Odio's small-purchase powers may soon evaporate, though, now that crotchety Joe Carollo has ascended to the mayor's office. The new mayor does not hide his opposition to Odio's independent disbursement of taxpayer money, and he refuses to recognize the manager's selfless generosity, or his genius for creative financing methods. By September, when a new commissioner is elected to fill Carollo's old seat, Odio might very well be out on the streets.
"Let me say this to you," harrumphs the mayor. "The impression I have gotten from what many people have told me is that this [small-purchase ability] has been used, overall, as a private piggy bank of the manager -- that he uses this money to promote himself and to win favors with different groups, different organizations, and different individuals."
Obviously Carollo has little appreciation for Odio's commitment to public service, for the fact that over the past decade the manager has made all his decisions about small purchases privately, away from the public eye. Miami's "good gray man" is simply too modest to seek publicity, no matter how much it might help his career. (He even refused to speak to New Times concerning this article.)
So New Times decided to give him the credit he deserves. We obtained and examined copies of approximately 550 checks for $4500 or less issued by Odio from January 1993 through April 1996. Mayor Carollo's respect for the manager is certain to skyrocket when he learns that, despite a fiscal crunch, Odio always found some way to help a Bay of Pigs veteran or a former Cuban political prisoner in need. The virtuous Cuban American National Foundation, headed by Odio's good friend Jorge Mas Canosa, was never left empty-handed, and neither were certain worthy local journalists.
Unfortunately, after all that generosity, there was no money left for Maria Elena Duran's program at Shenandoah Middle School. In a letter to Duran, Odio stated that "due to severe budgetary restraints" the city was unable to fund her request. As much as the manager surely would have liked to help her, the city had only so much money. Besides, on the day Duran's plea arrived at Gort's office, Odio had already spent his wad on seats to a Cuban American National Foundation benefit.
Before going any further, let's clarify something.

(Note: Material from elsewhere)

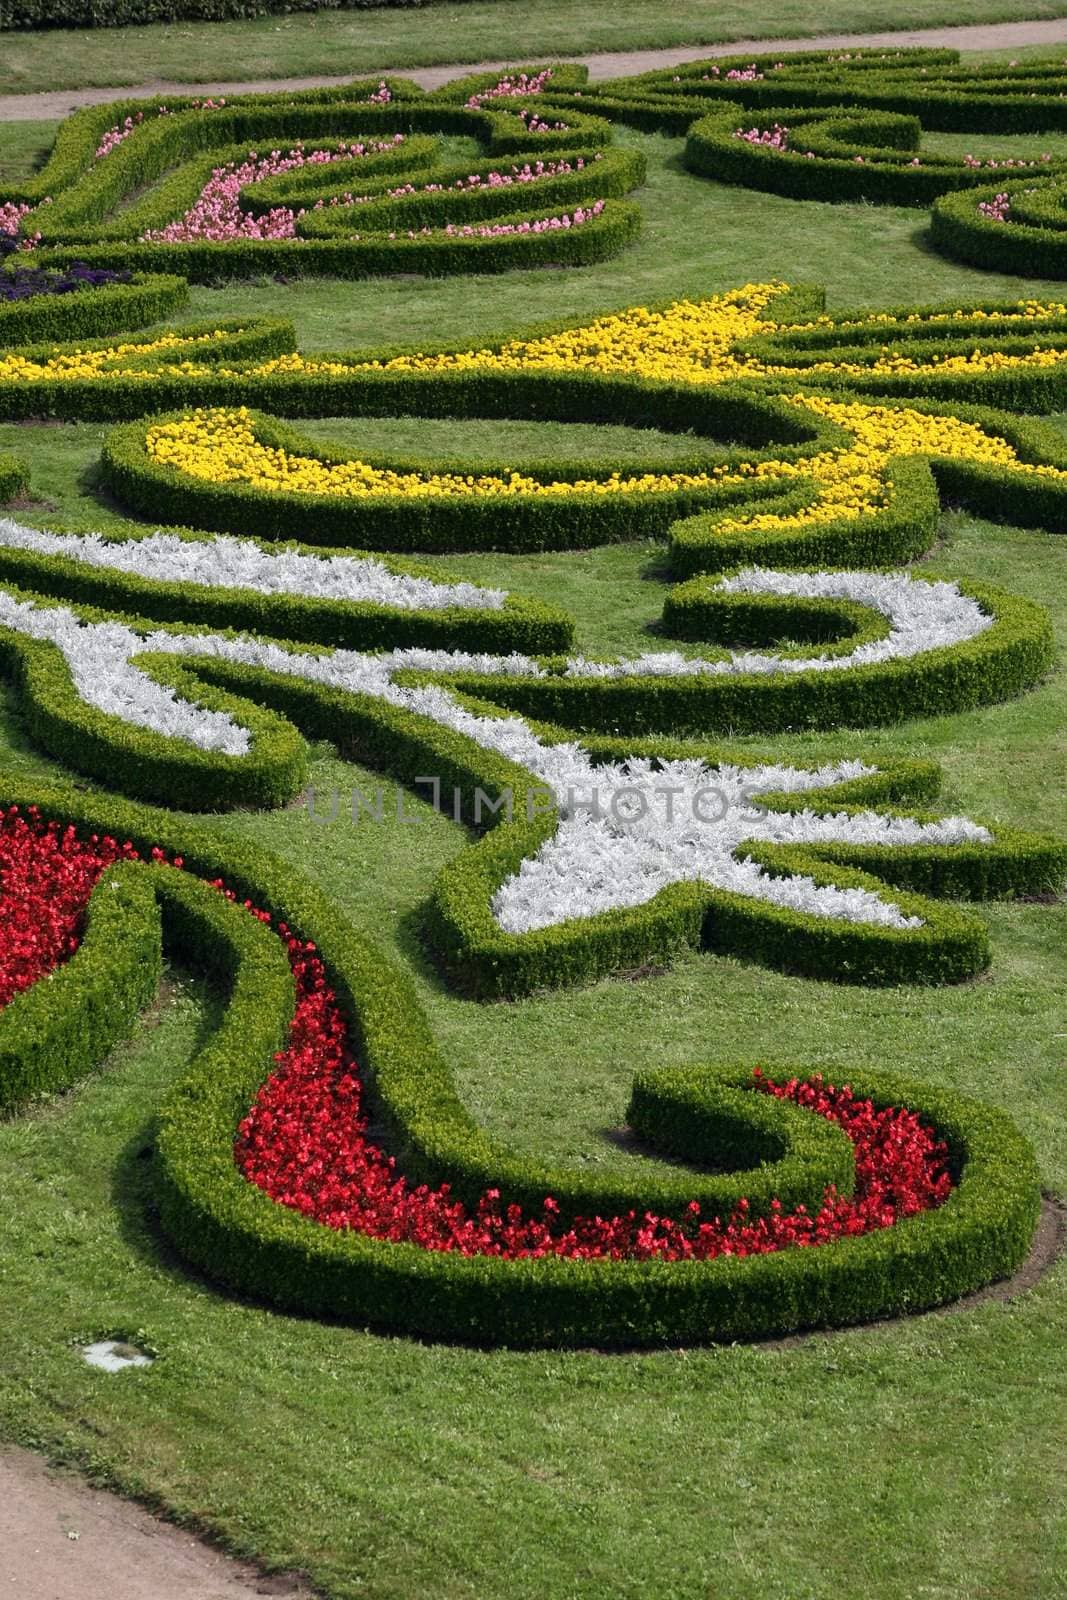 Flower garden of Castle in Kromeriz, Czech Republic by haak78

New Times does not possess literally every city check for $4500 or less. That would amount to an awful lot of checks for an awful lot of mundane things required to keep the municipal machinery running smoothly, things such as $10.68 bags of mulch.
In assembling a portrait of Odio's spending savvy, we concentrated on checks drawn from a category of the city budget known as Special Programs and Accounts. This is the area where the city stashes the money it uses to pay employee benefits, donations to charity, and miscellaneous expenses. It is also where the city stockpiles cash for emergencies.
The emergency reserve account, in the hands of a resourceful city manager, can be an amazing thing. Nearly one million dollars is set aside to cope with the next nightmare hurricane or civil "disturbance" or infestation of blood-sucking chupacabras. But the money can also be used to solve more routine problems. All it takes is a reasonably flexible definition of the word emergency.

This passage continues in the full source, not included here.